Apparently there are a great many people in the Valley with their 
heads buried in the sand. Remember the Web IPO bubble? That warn't 
driven by academia, friend. Stupidity and ignorance are *not* the
exclusive province of academia. I've known enough people in both
academia and business to know that stupidity and brilliance flourish
in both arenas. That is because both are human endeavors. And I've known
a number of folks who did rather well moving from an academic setting
into the private sector.

[...]
>And working as a computer design consultant for the past 18 years, and now
>with a state of the art digital camera electronics company, I can say that
>the most un-informed lot of people we, here in Silicon Valley, have to deal
>with, are first the professors at the local universities (Stanford and UC
>Santa Cruz) and second, the students that these professors produce. And
>this is *not* a broad sweeping statement. The fact is that the most
>uninformed (they typically are one to two years behind the real technology)
>people are from the universities. We just hired two grad students here. One
>an imaging expert and the other a Verilog expert. They are both very good
>at what they know, but are certainly lacking experience and indeed are
>behind currently technology. But they are quick learners, we like their
>style, they have team enthusiasm, they are bright, so we gave them a
>chance. But they were smart enough to, while attending school, to do some
>outside work in their field ,so they at least were somewhat tuned into the
>real world.

>So I was extrapolating that to other disciplines. And I'm sure it holds
>true. Obviously not a blanket statement.
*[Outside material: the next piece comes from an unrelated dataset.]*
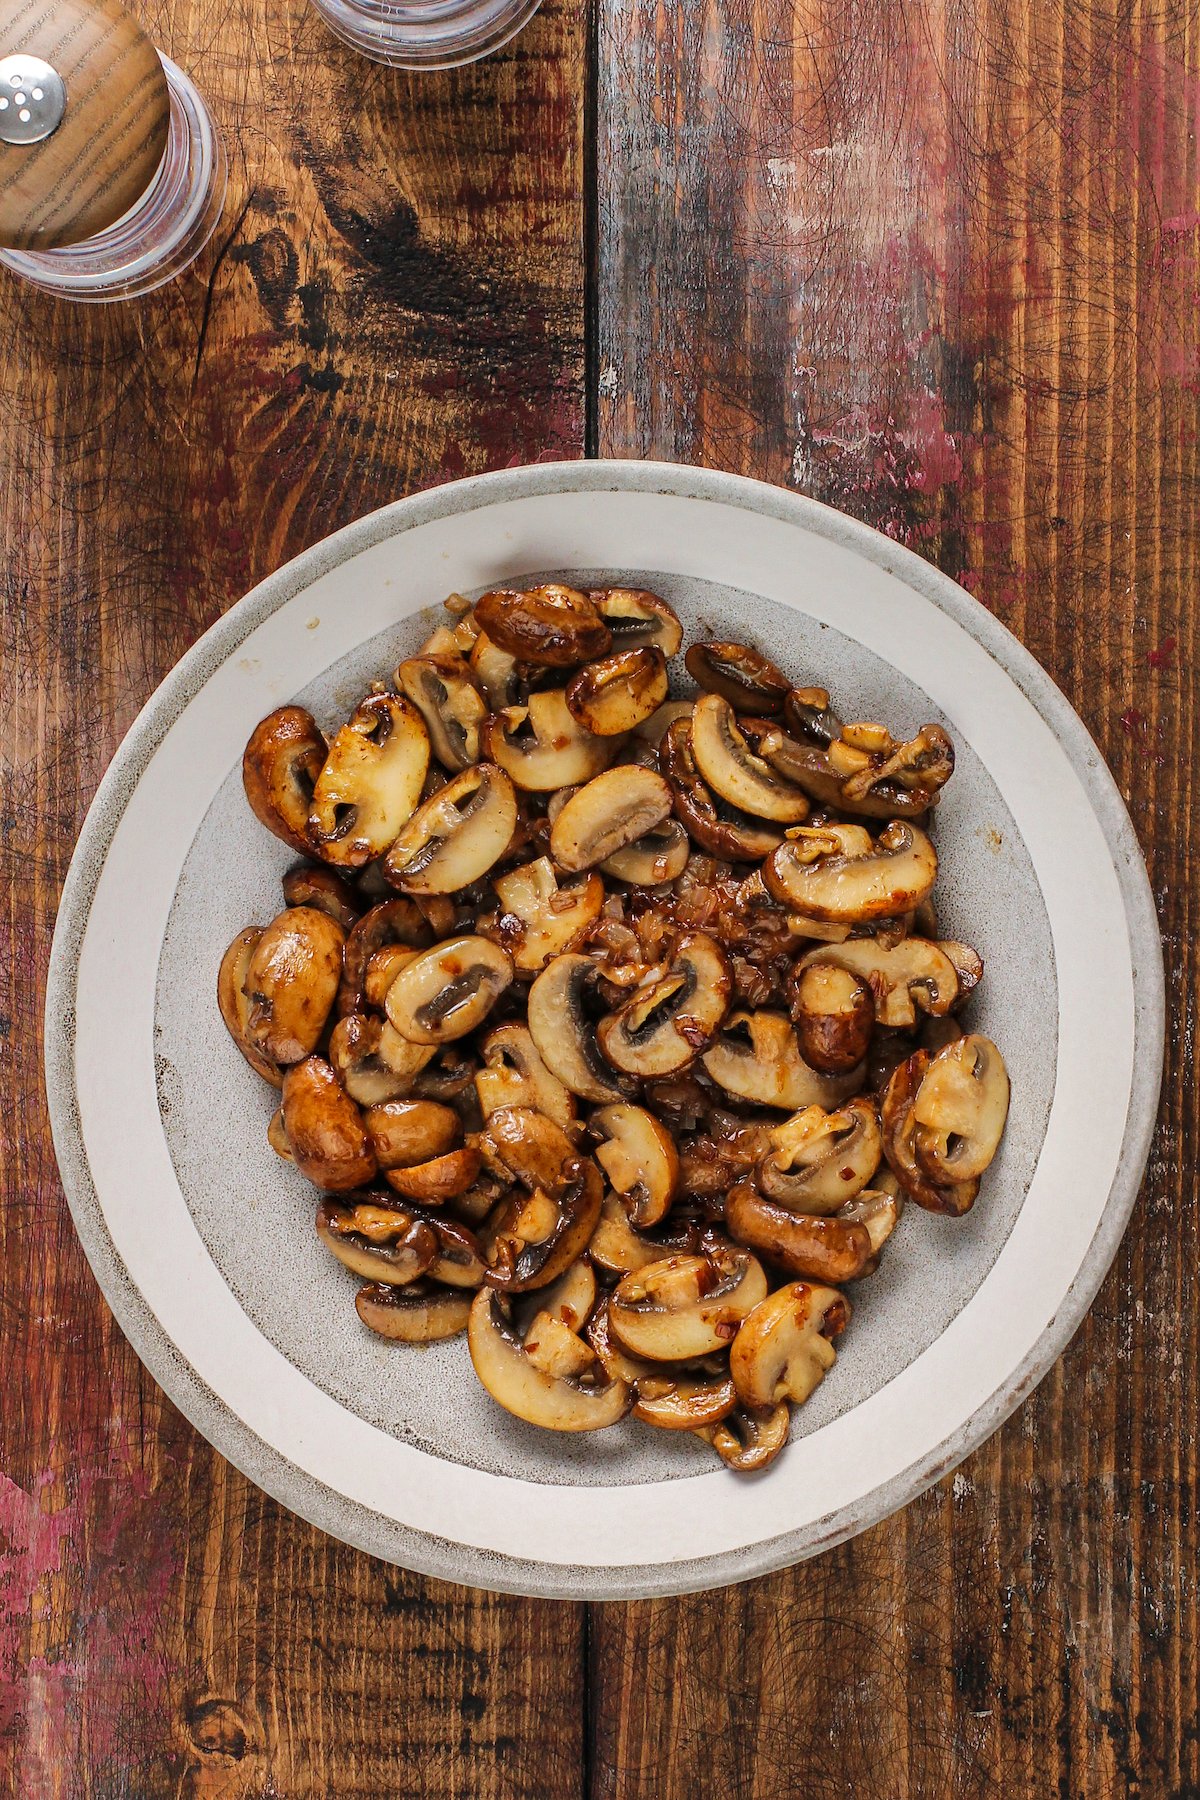 A bowl of sauteed mushrooms.

Obviously not. But then, if it's obvious, you wouldn't go
out of your way to so, would you?

Tell me, how it is that so many of the fundamental innovations
in computing occurred in academic or quasi-academic (i.e., PARC) 
settings? GUIs, TCP-IP, the web, Ethernet, one could go on and on. 

And of course academia is *still* the main driver in much of biological 
research. Not the exclusive driver, to be sure. But the major one. Indeed,
many of the most sucessful biotech startups are initiated through the 
licensing of technologies developed in academia. Perusal of The Red 
Herring's biotech issue or an average issue of Biotech/Bioengineering 
News, might make this clear. Your extrapolation does *not* necessarily
hold. In some fields it does, and in others it does not.

The bottom line: academic/corporate partnerships are very common, and
don't occur though the altruism of the corporate partners. They occur
because innovation *does* occur in academia.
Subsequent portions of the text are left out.